- Theatrical release poster
- Directed by: Kathir Raven S
- Written by: Kausalya Nawaratnam
- Produced by: S. Hari Uthraa
- Starring: Kathir Raven S; Chandhine Kaur; Maya Glammy; Nanthakumar NKR;
- Cinematography: Yehganesh Nair
- Music by: Hari Maaran
- Production companies: Uthraa Productions More Four Production
- Release date: 14 February 2025;
- Country: India
- Language: Tamil

= Kanneera =

2025 Indian family drama film

Kanneera is a 2025 Indian Tamil-language romantic, family drama film directed by Kathir Raven S. The film stars Kathir Raven S and Chandhine Kaur in the lead roles, alongside Maya Glammy and Nanthakumar NKR. The film was produced by S. Hari Uthraa under the banner of Uthraa Productions and More Four Production.

Kanneera was released in theatres on 14 February 2025.

== Cast ==
- Kathir Raven S
- Chandhine Kaur
- Maya Glammy
- Nanthakumar NKR

== Production ==
The film is directed by Kathir Raven S and written by Kausalya Nawaratnam.
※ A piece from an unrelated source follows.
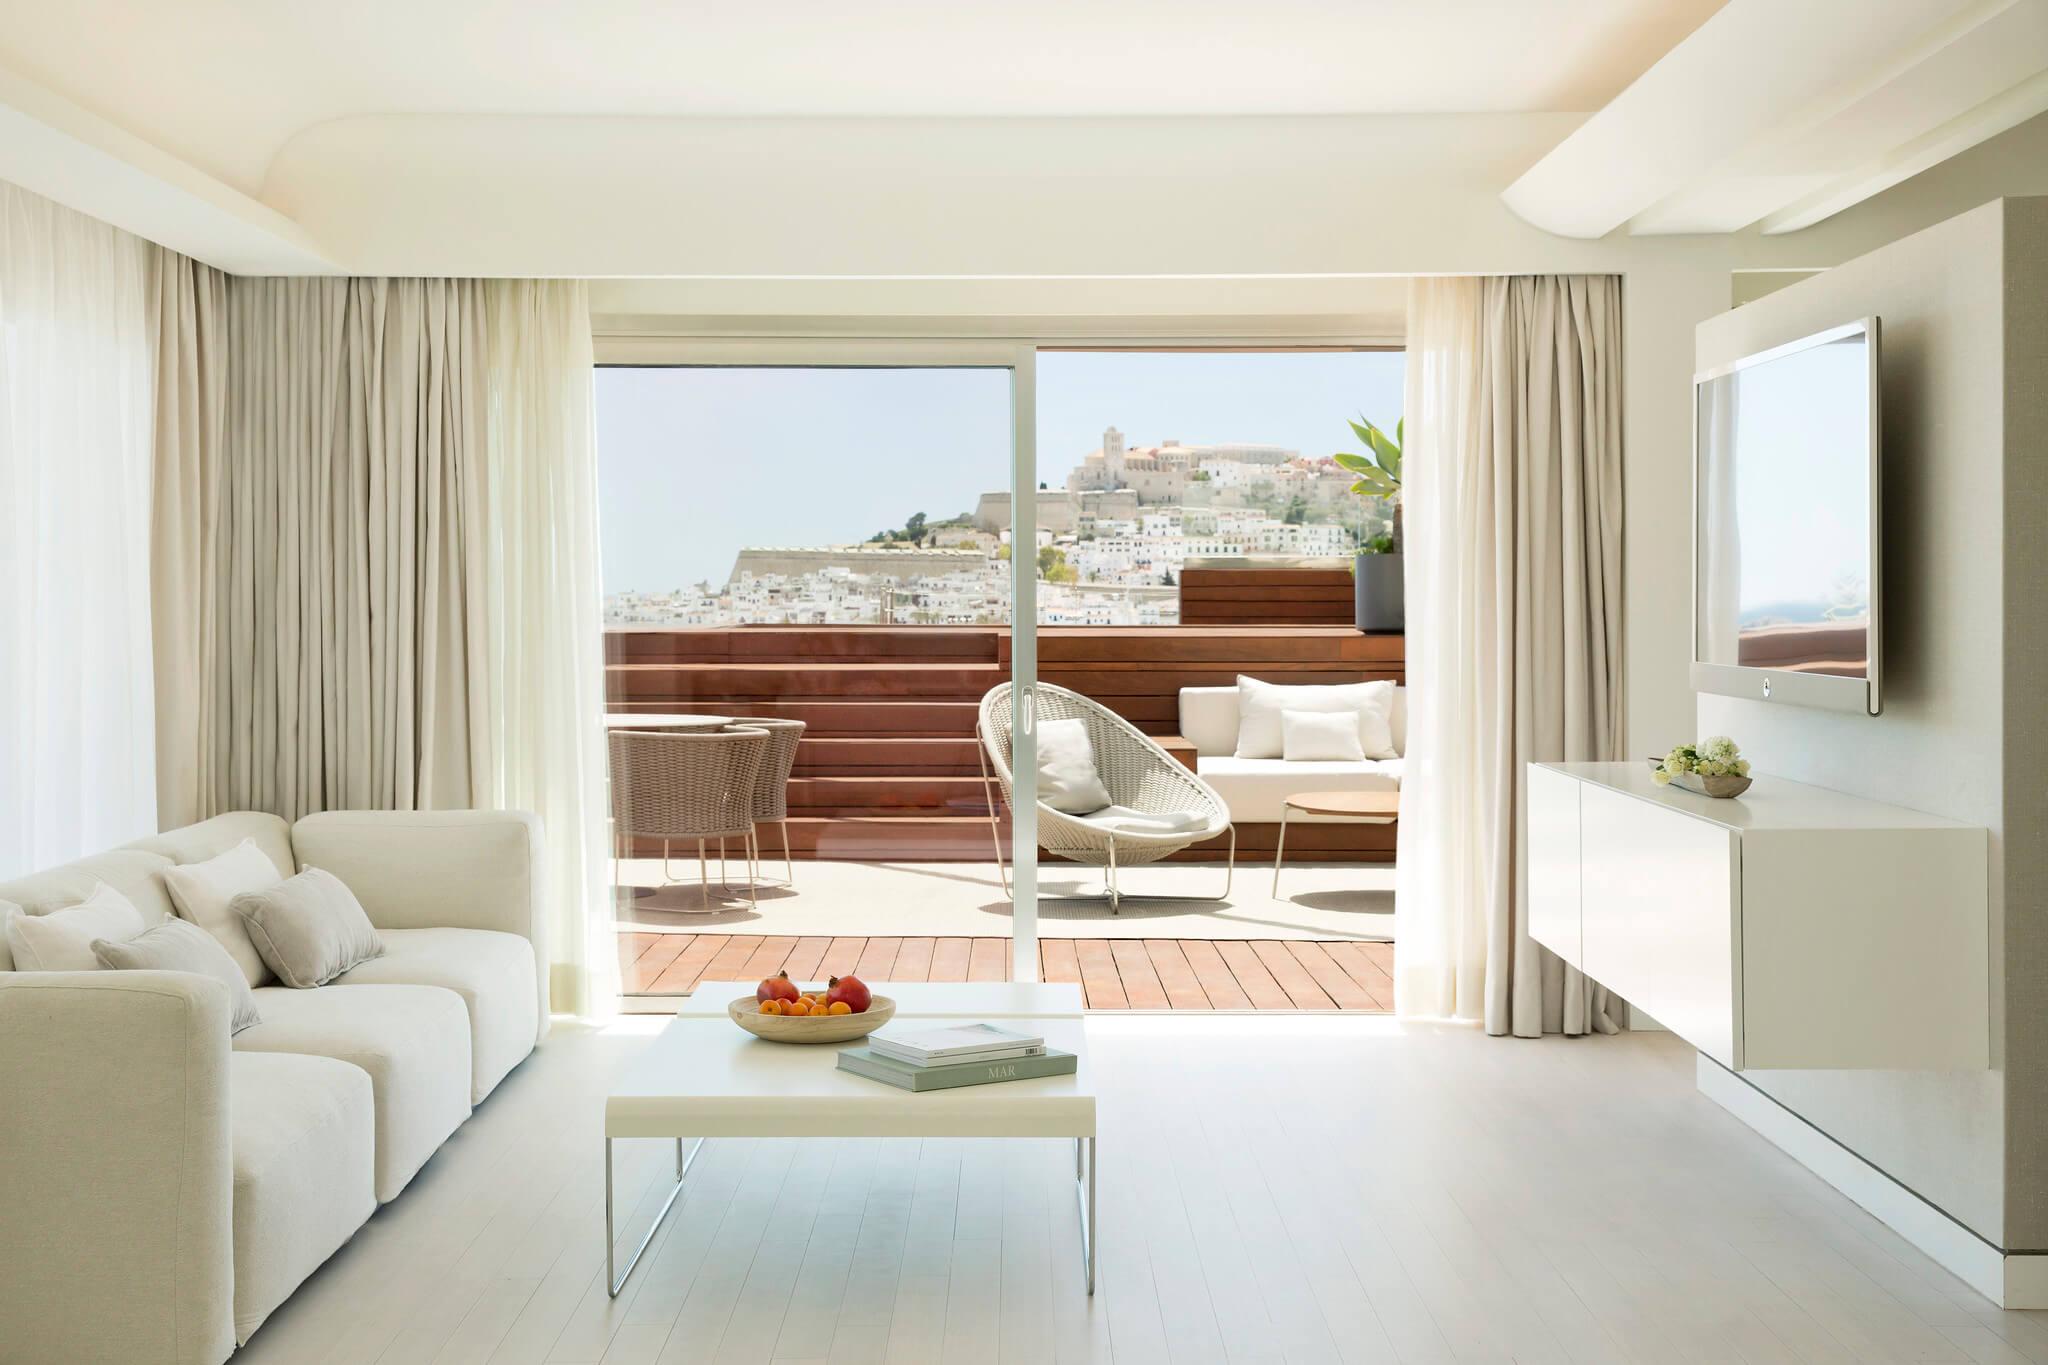 https://www.white-ibiza.com/wp-content/uploads/2020/02/white-ibiza-hotels-ibiza-gran-hotel-2020-00.jpg

Yehganesh Nair is the cinematographer, and Hari Maaran is the music composer.

== Reception ==
A Dina Thanthi critic stated that "Director Kathiraven captures attention by presenting the conflicting love problems of the two couples in an interesting way with twists and turns". Anupama Subramanian of Deccan Chronicle rated it two out of five.